On the Contraction Coefficient of the Schrödinger Bridge for Stochastic Linear Systems

  • paper_url: http://arxiv.org/abs/2309.06622
  • repo_url: None
  • paper_authors: Alexis M. H. Teter, Yongxin Chen, Abhishek Halder
  • for: 解决Schrödinger bridge问题,即在控制Diffusion下从一个初始状态分布转移到另一个状态分布,并且在满足时间约束下实现最优化。
  • methods: 使用Contractive fixed point recursions方法来数学解Schrödinger bridge问题,这种方法可以看作是动态版本的Sinkhorn迭代,并且在某些假设下可以 garantizar线性减少。
  • results: 研究Schrödinger系统的前提估计,并提供新的几何和控制理论 интерпретаciones。此外,还指出了可以通过预处理终点支持集来提高worst-case contraction coefficient的计算。
    Abstract Schr\"{o}dinger bridge is a stochastic optimal control problem to steer a given initial state density to another, subject to controlled diffusion and deadline constraints. A popular method to numerically solve the Schr\"{o}dinger bridge problems, in both classical and in the linear system settings, is via contractive fixed point recursions. These recursions can be seen as dynamic versions of the well-known Sinkhorn iterations, and under mild assumptions, they solve the so-called Schr\"{o}dinger systems with guaranteed linear convergence. In this work, we study a priori estimates for the contraction coefficients associated with the convergence of respective Schr\"{o}dinger systems. We provide new geometric and control-theoretic interpretations for the same. Building on these newfound interpretations, we point out the possibility of improved computation for the worst-case contraction coefficients of linear SBPs by preconditioning the endpoint support sets.
    摘要 Schrödinger 桥是一个 Stochastic Optimal Control 问题,旨在从一个初始状态密度到另一个,并且受到控制的扩散和时间限制。一种广泛使用的方法来数学解决 Schrödinger 桥问题是通过收缩的定点反射,这些反射可以看作是动态版本的 Sinkhorn 迭代。在我们的研究中,我们研究了 Schrödinger 系统的前期估计,并提供了新的几何和控制理论解释。我们还指出了可以通过预处理终点支持集来提高 worst-case 收缩系数的计算。

The Grand Illusion: The Myth of Software Portability and Implications for ML Progress

  • paper_url: http://arxiv.org/abs/2309.07181
  • repo_url: https://github.com/for-ai/portability
  • paper_authors: Fraser Mince, Dzung Dinh, Jonas Kgomo, Neil Thompson, Sara Hooker
  • for: 本研究旨在探讨主流机器学习软件框架在不同硬件类型上的可移植性。
  • methods: 我们采用了大规模的研究方法,测试了主流机器学习软件框架在不同硬件类型上的可移植性。
  • results: 我们的结果显示,主流机器学习软件框架在不同硬件类型上可能会产生更多于40%的关键功能损失,并且即使功能可以移植,其性能下降也可能是极大的,使得性能不可接受。
    Abstract Pushing the boundaries of machine learning often requires exploring different hardware and software combinations. However, the freedom to experiment across different tooling stacks can be at odds with the drive for efficiency, which has produced increasingly specialized AI hardware and incentivized consolidation around a narrow set of ML frameworks. Exploratory research can be restricted if software and hardware are co-evolving, making it even harder to stray away from mainstream ideas that work well with popular tooling stacks. While this friction increasingly impacts the rate of innovation in machine learning, to our knowledge the lack of portability in tooling has not been quantified.
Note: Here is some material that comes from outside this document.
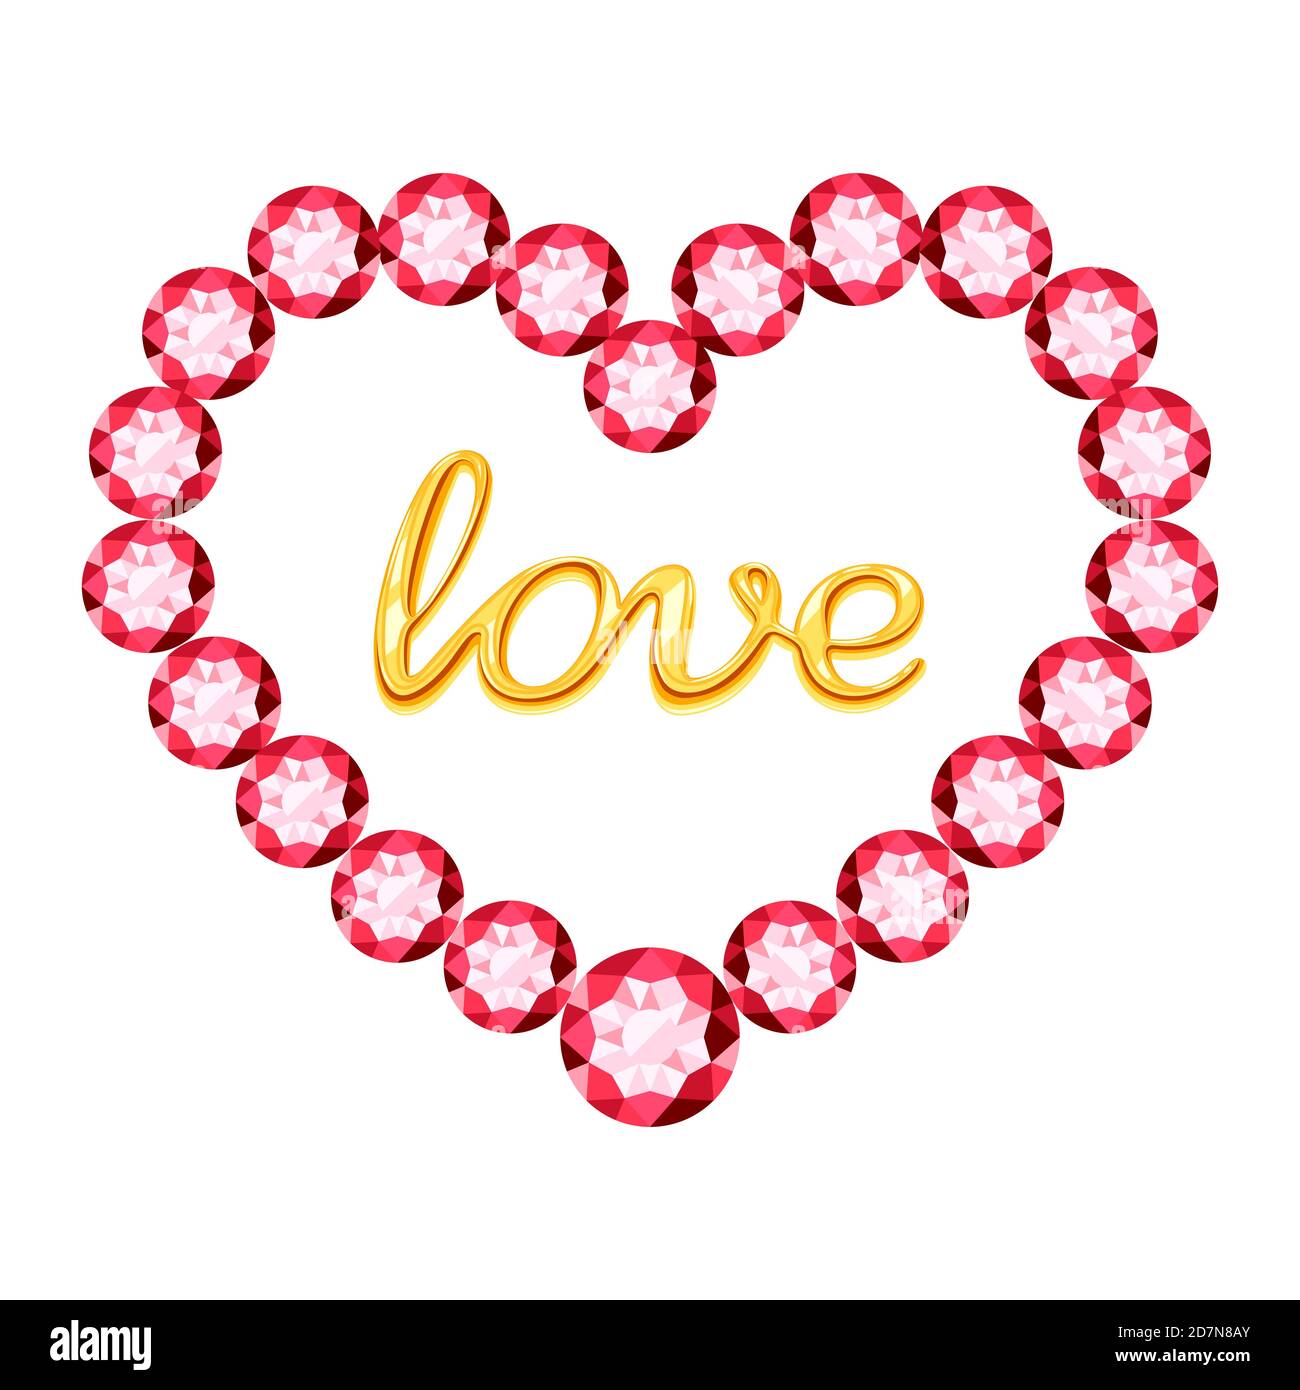 Pink heart of crystals and gold inscription love isolated on white background. Pink gem heart, jewelry precious shape illustration Stock Vector

In this work, we ask: How portable are popular ML software frameworks? We conduct a large-scale study of the portability of mainstream ML frameworks across different hardware types. Our findings paint an uncomfortable picture -- frameworks can lose more than 40% of their key functions when ported to other hardware. Worse, even when functions are portable, the slowdown in their performance can be extreme and render performance untenable. Collectively, our results reveal how costly straying from a narrow set of hardware-software combinations can be - and suggest that specialization of hardware impedes innovation in machine learning research.
    摘要 推动机器学学科的前沿研究经常需要尝试不同的硬件和软件组合。然而,在效率的推动下,AI硬件的特циали化和主流ML框架的吸引力使得尝试新的想法和工具栈的探索变得更加困难。探索性研究可能会受到软硬件的共演化限制,使得尝试离开主流想法和工具栈更加困难。这种阻力在机器学学科的创新速度中产生了一定的影响,但到目前为止,工具栈的无法移植的问题尚未得到量化的解决。在这项工作中,我们问:流行的ML软件框架是否可以具有可移植性?我们进行了大规模的流行ML框架在不同硬件类型上的可移植性研究。我们的结果表现出一个不适的情况:框架在其他硬件上转移时可能会产生超过40%的关键功能损失。更糟糕的是,即使功能是可移植的,其性能下降可能会非常大,使其性能不可接受。总的来说,我们的结果表明特циали化的硬件对机器学学科的创新带来了成本,并建议特циали化的硬件阻碍了机器学学科的进步。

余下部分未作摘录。